■ Problem: Starting with the line that contains "Malezja, Kuala Lumpur, Miasto, Noc, Petronas", copy every line through the end of the listing, exactly and only those. No pictures should appear in the copy.

■ Data in this exercise:
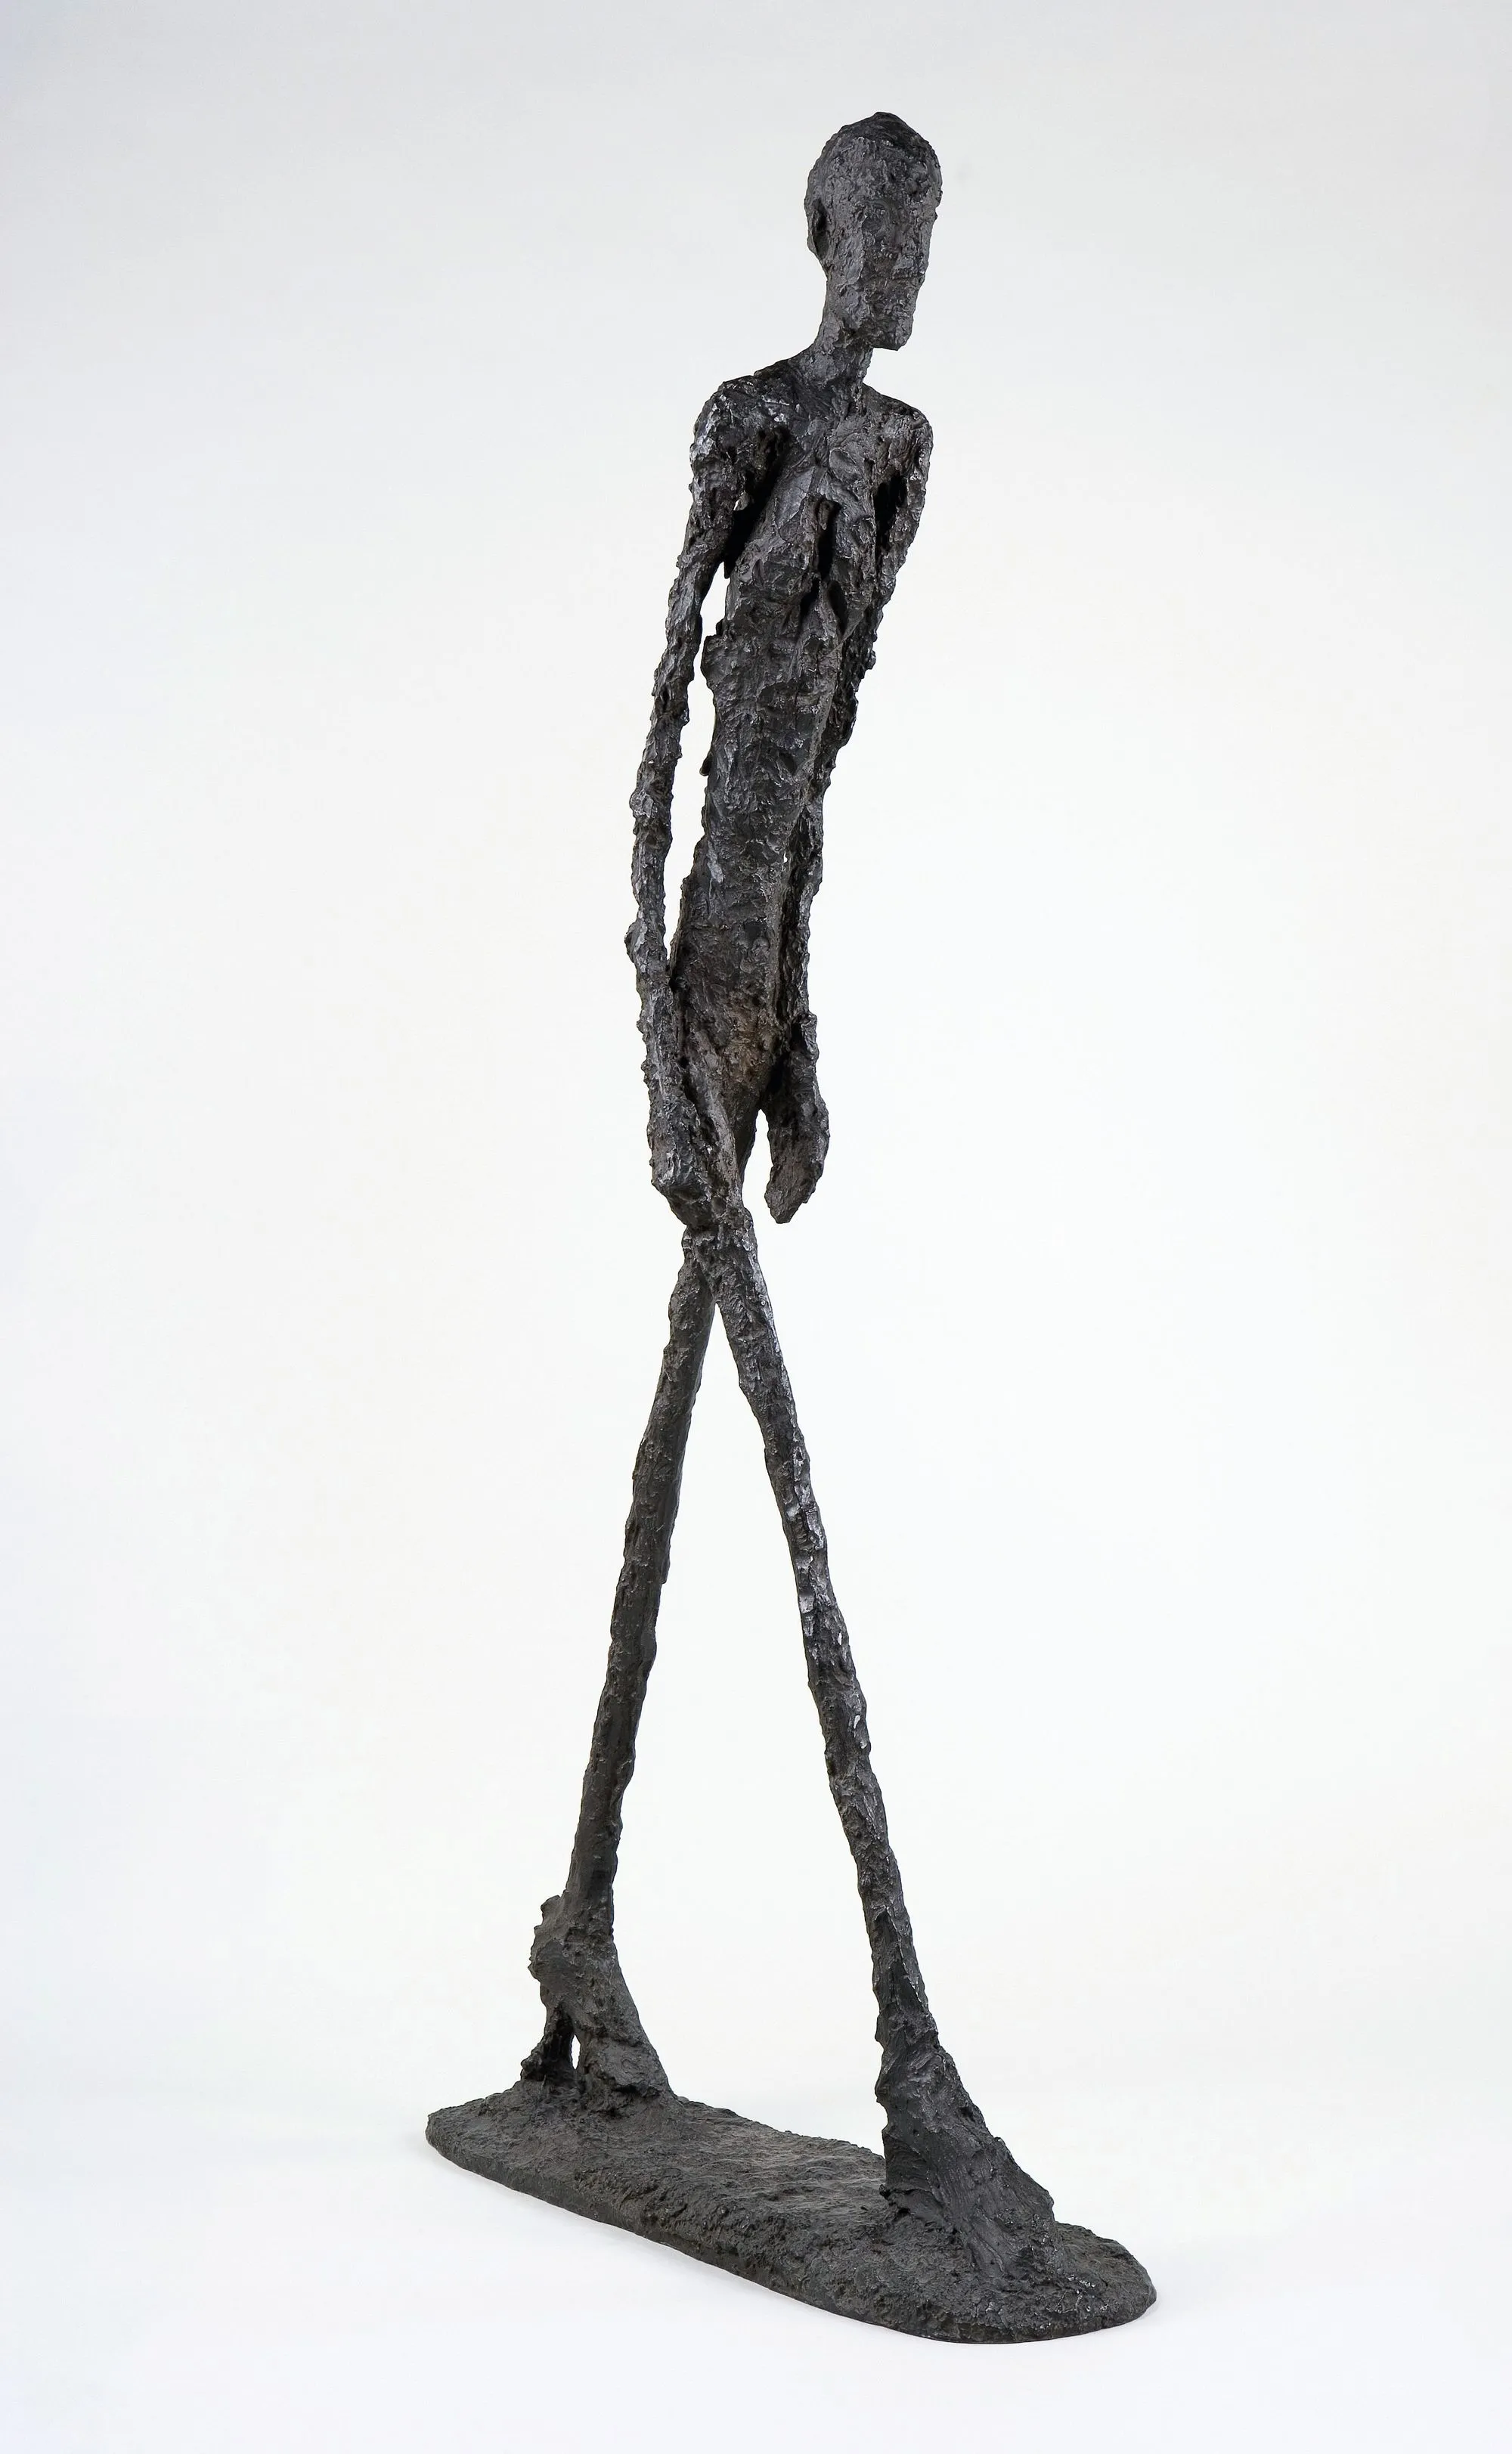 Alberto Giacometti,
L'Homme qui marche, 1960,
bronze, 183 cm.
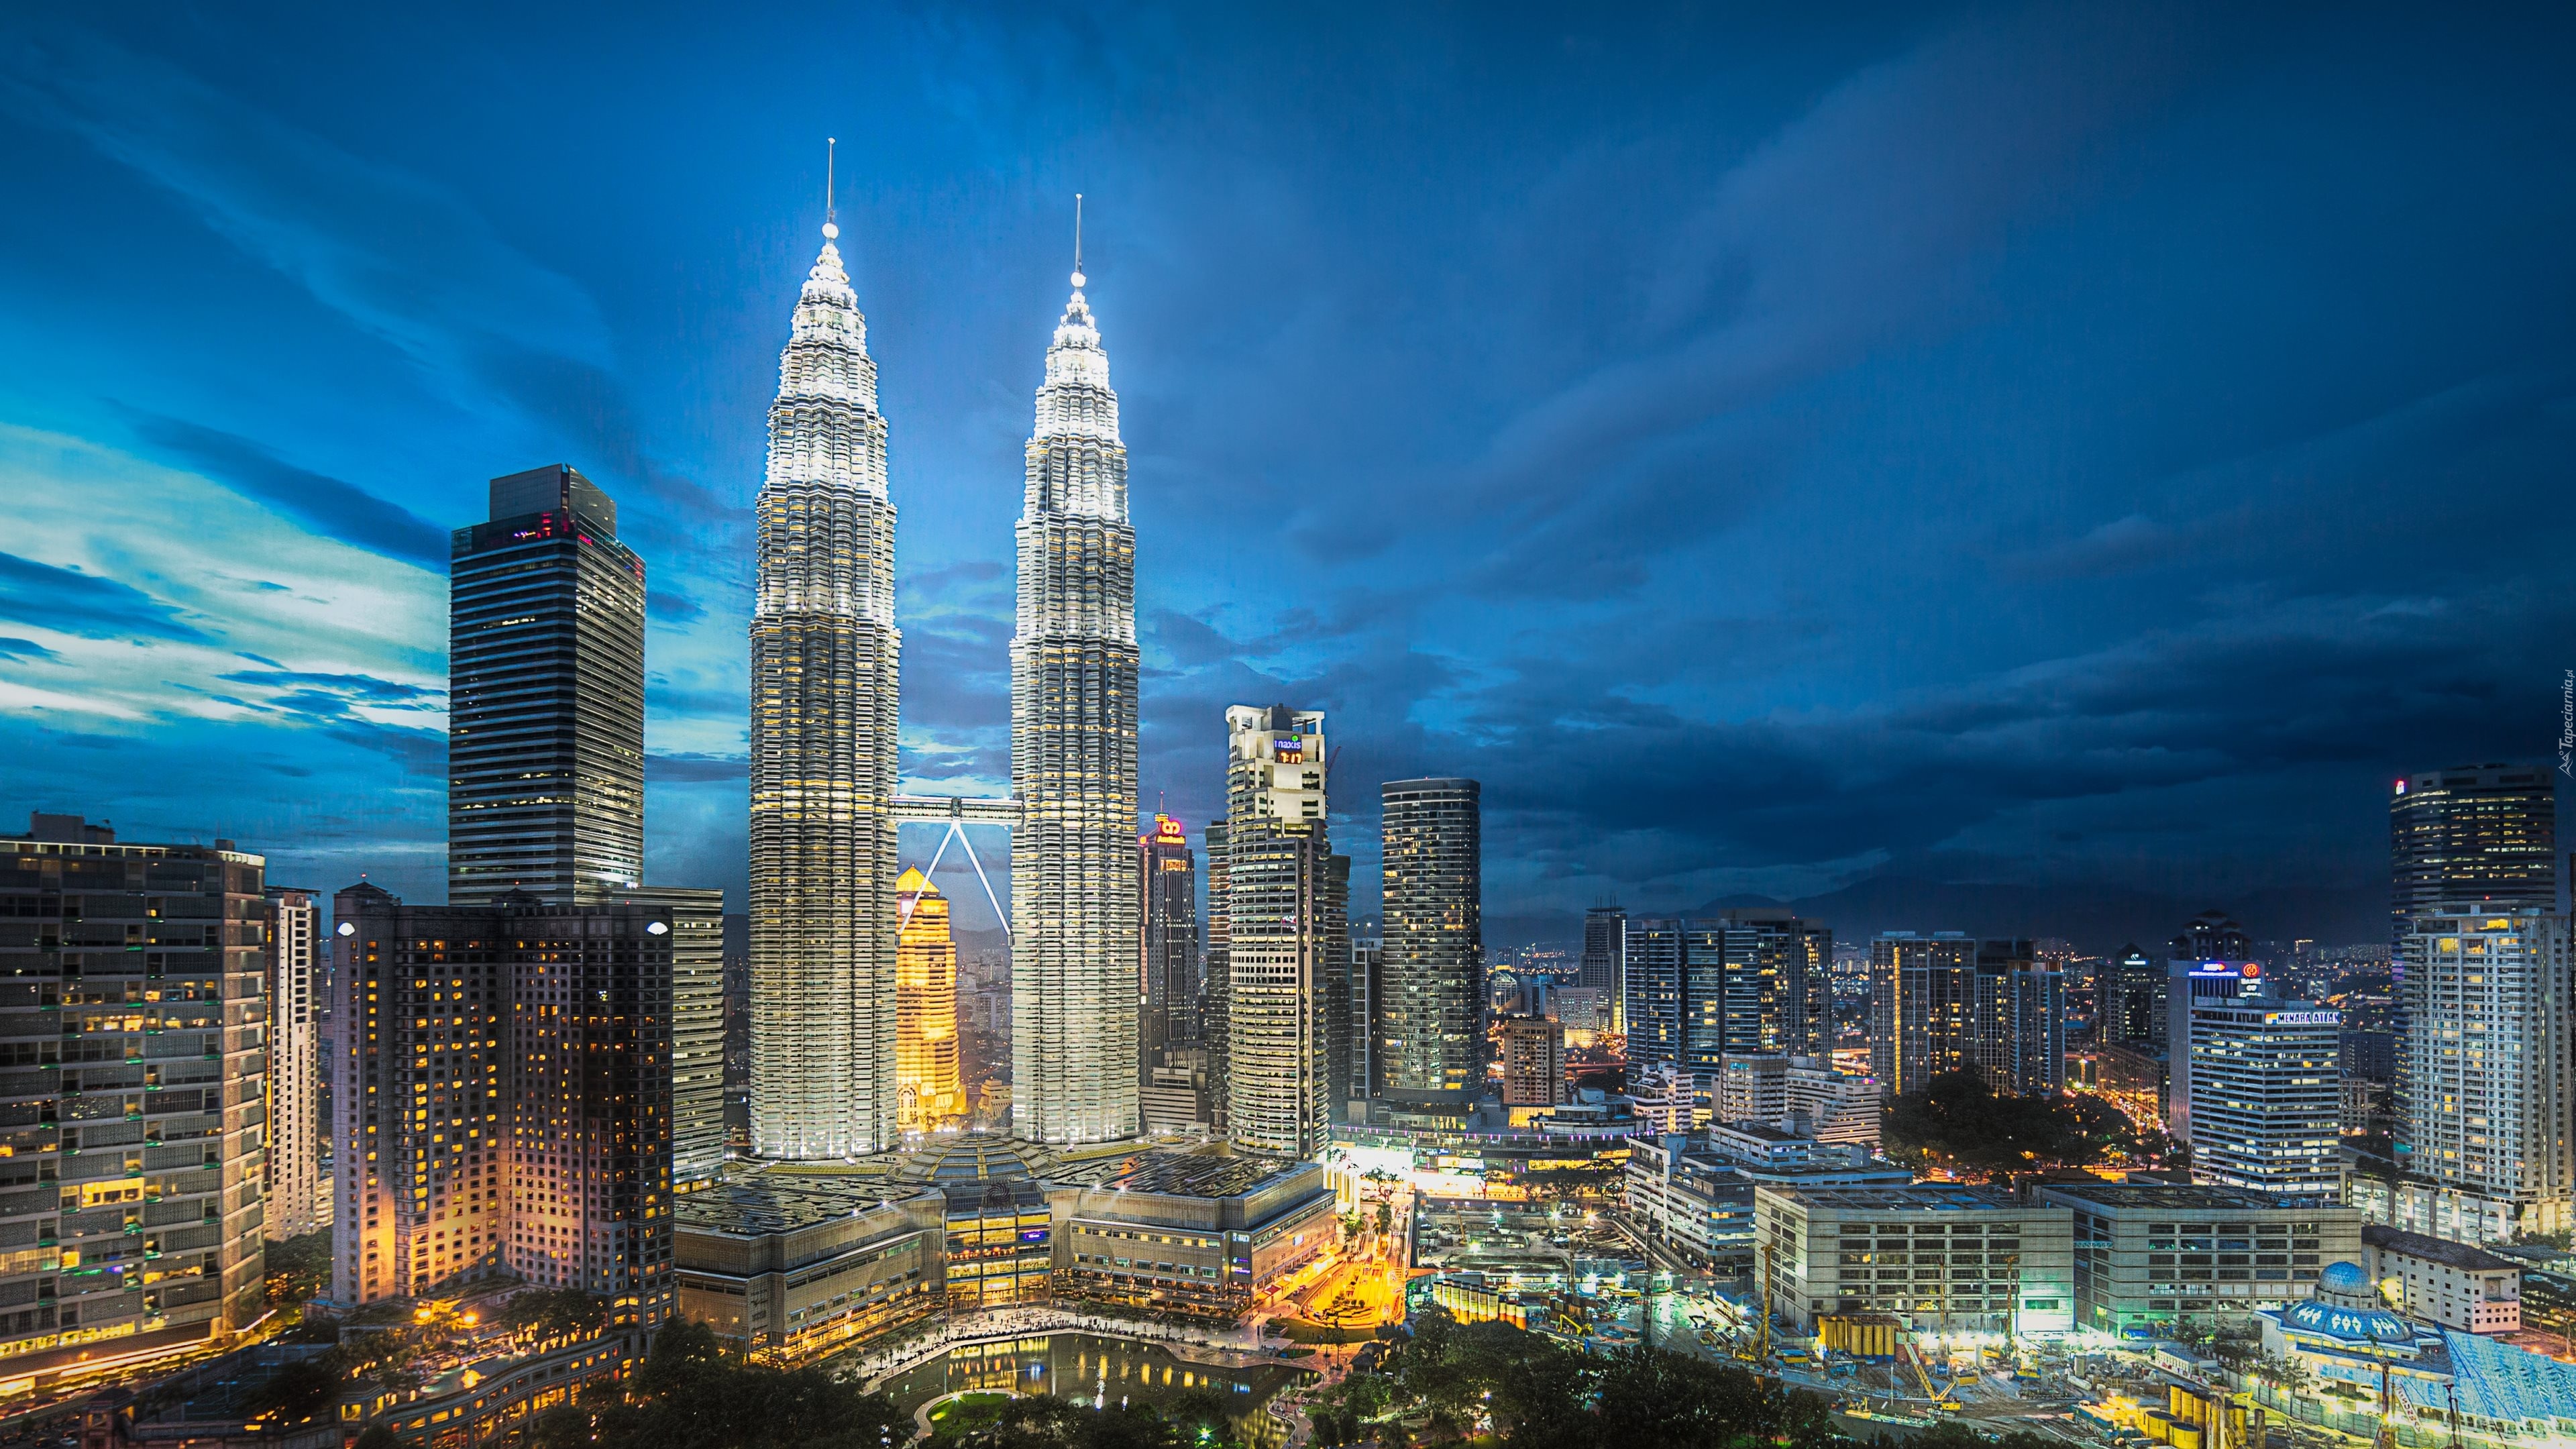 Malezja, Kuala Lumpur, Miasto, Noc, Petronas Towers
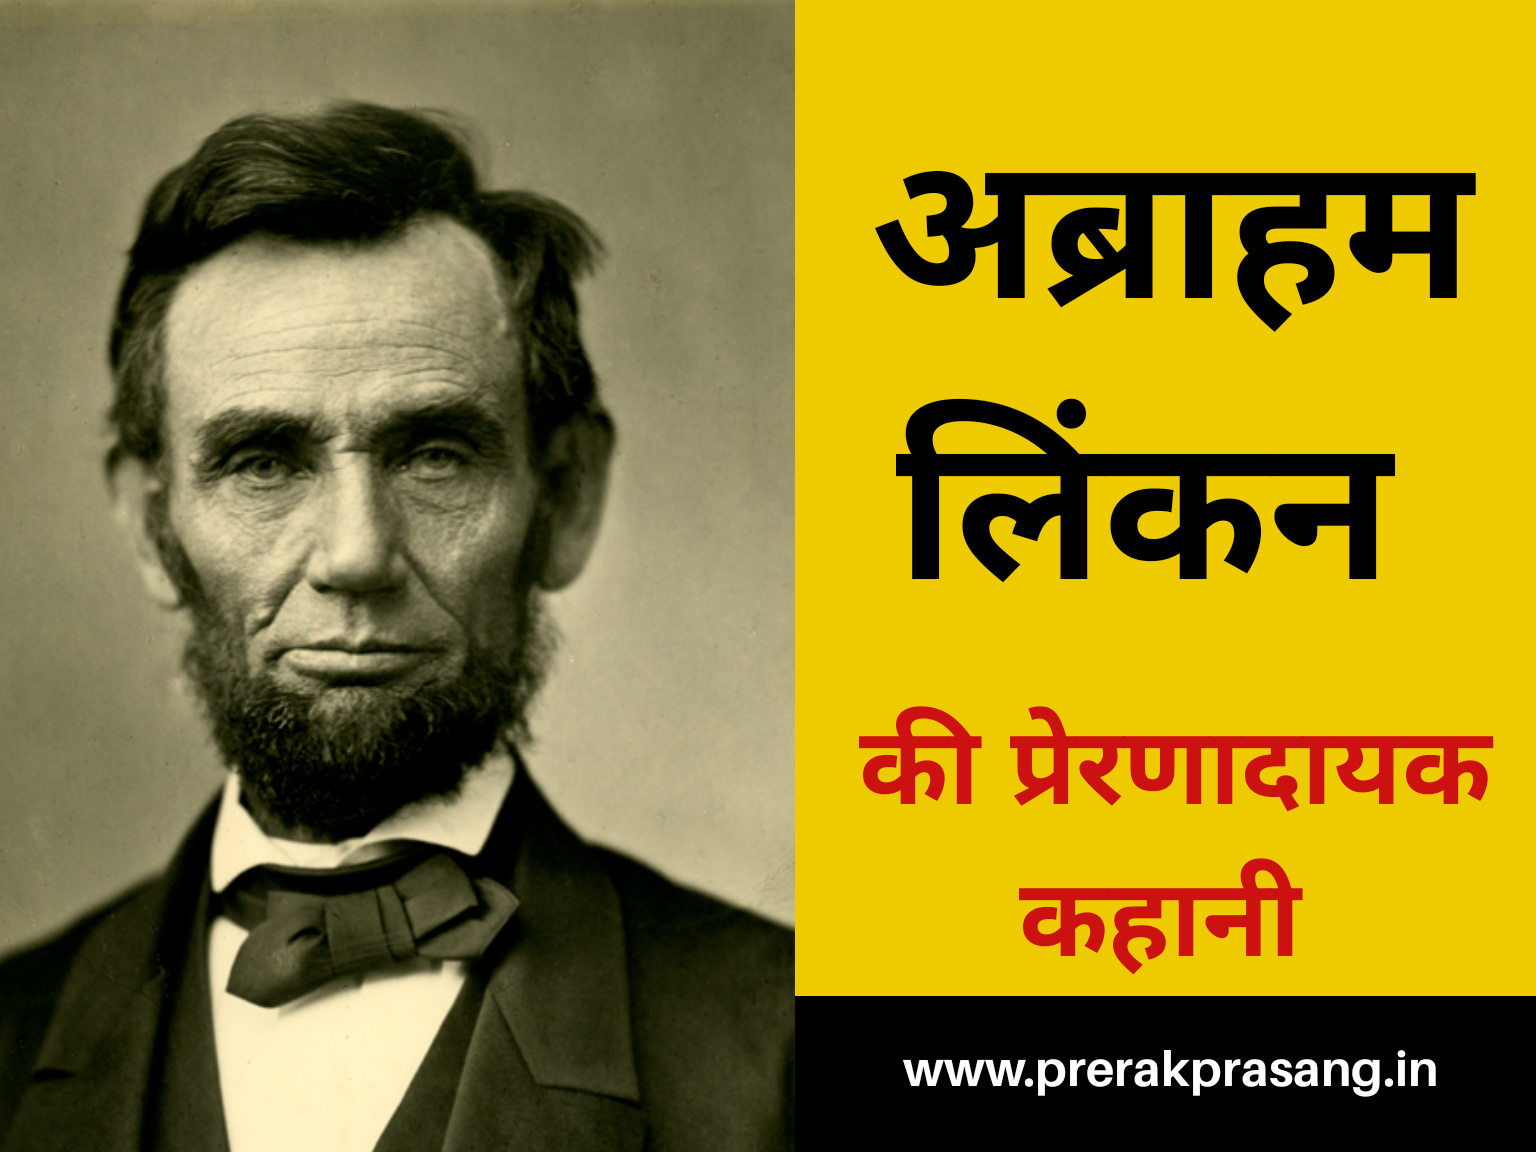 अब्राहम लिंकन,Abraham Lincoln, प्रेरक प्रसंग, प्रेरणादायक कहानी,motivational story in hindi,inspiring stories in hindi

■ Answer box:
 Malezja, Kuala Lumpur, Miasto, Noc, Petronas Towers
 अब्राहम लिंकन,Abraham Lincoln, प्रेरक प्रसंग, प्रेरणादायक कहानी,motivational story in hindi,inspiring stories in hindi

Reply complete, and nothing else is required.